In this chapter you’ll learn how to use AI to test yourself. Practice testing, or retrieval practice, is one of the most effective ways to consolidate your learning and there’s several different ways you can do it. This chapter was written with a coding course in mind but it applies to any type of course.

3.1 Activity 1: Set-up

  • In your AI of choice, create a new chat and give it your set-up blurb that you created in Chapter Section 2.2.

It would be helpful to have a specific week/chapter/lecture of your course in mind to work with. For the PsyTeachR courses, we’ll be using the Intended Learning Outcomes, functions used, and glossary to help instruct the AI. If you’re not working through a course, or it’s not a PsyTeachR course, it would be helpful to have a list of functions, concepts, or skills that you want to test. As an example, we’ll use Chapter 3 of Applied Data Skills.

3.2 Activity 2: Question prompt

Then we need to give it instructions for how to create the questions. There are other question types you could ask it for but here is a starter pack for a coding course and then for a theoretical course:

Prompts for a coding course

I would like you to generate practice questions to help consolidate my learning based on the learning outcomes, functions, and glossary used in my course materials this week that I will provide to you. I will ask you for four different types of questions.

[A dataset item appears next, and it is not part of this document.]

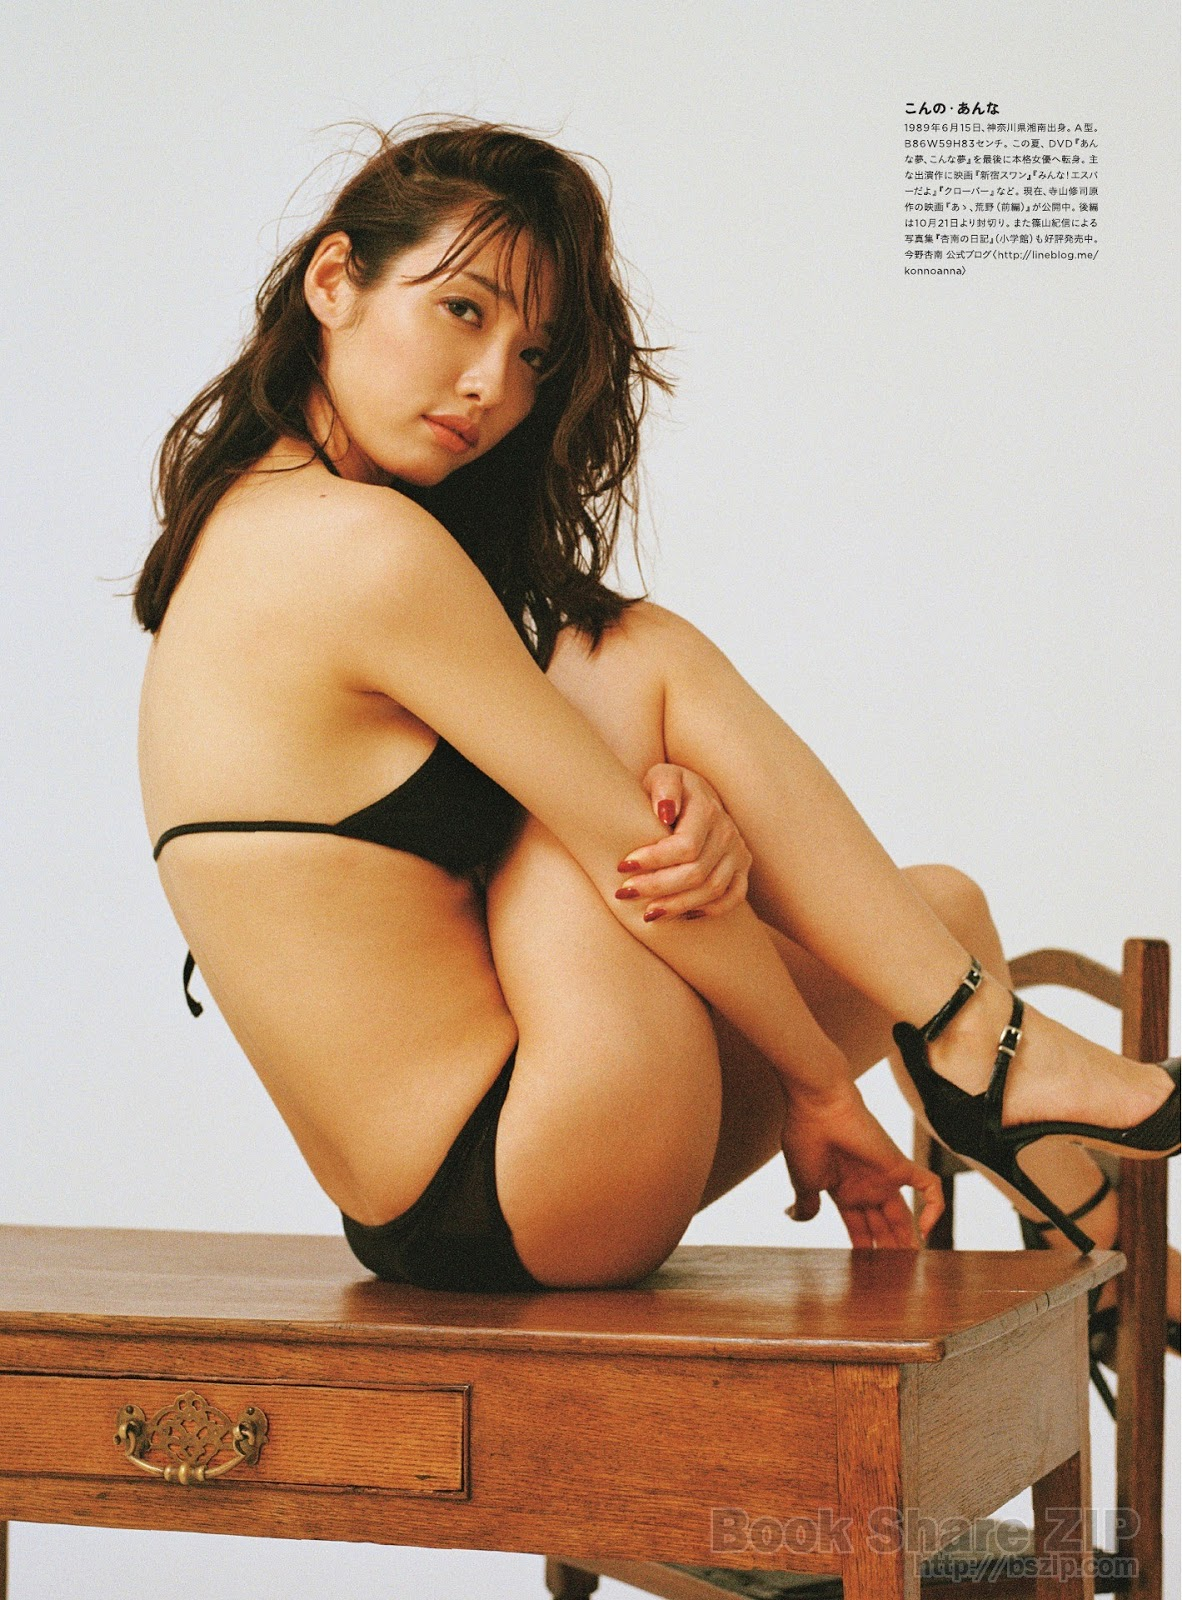 Anna Konno 今野杏奈, Cyzo 2017.11 (サイゾー 2017年11月号)

First, multiple choice questions (MCQ). Each question should have 4 response options and one correct answer. Ask them one at a time and explain the answer to me and why the other options are incorrect after I provide my answer.

Second, fill-in-the-blank questions (FITB). Provide a line of code that has one or more missing arguments or functions and ask me to complete the code.

Third, coding problems (CP). Give me short problems that I need to provide the answer to. These should be fully reproducible and use datasets built into R or the tidyverse. Where necessary, give me the code to load any packages or datasets that I will need.

Third, error mode (EM). Give me code that will result in an error. Explain what the code is intended to do and then ask me to figure out what the error is, and then fix it. The errors should be plausible errors that a beginner would be likely to make but do not tell me what the error is. The errors should be fully reproducible and use datasets built into R or the tidyverse so that I can run the code and fix them in R. Where necessary, give me the code to load any packages or datasets that I will need.

Don’t give me questions until I have given you the ILOs and functions I want to test. I will specify which type of question I want each time. Give me only 1 question at a time and mix up the topic of each question.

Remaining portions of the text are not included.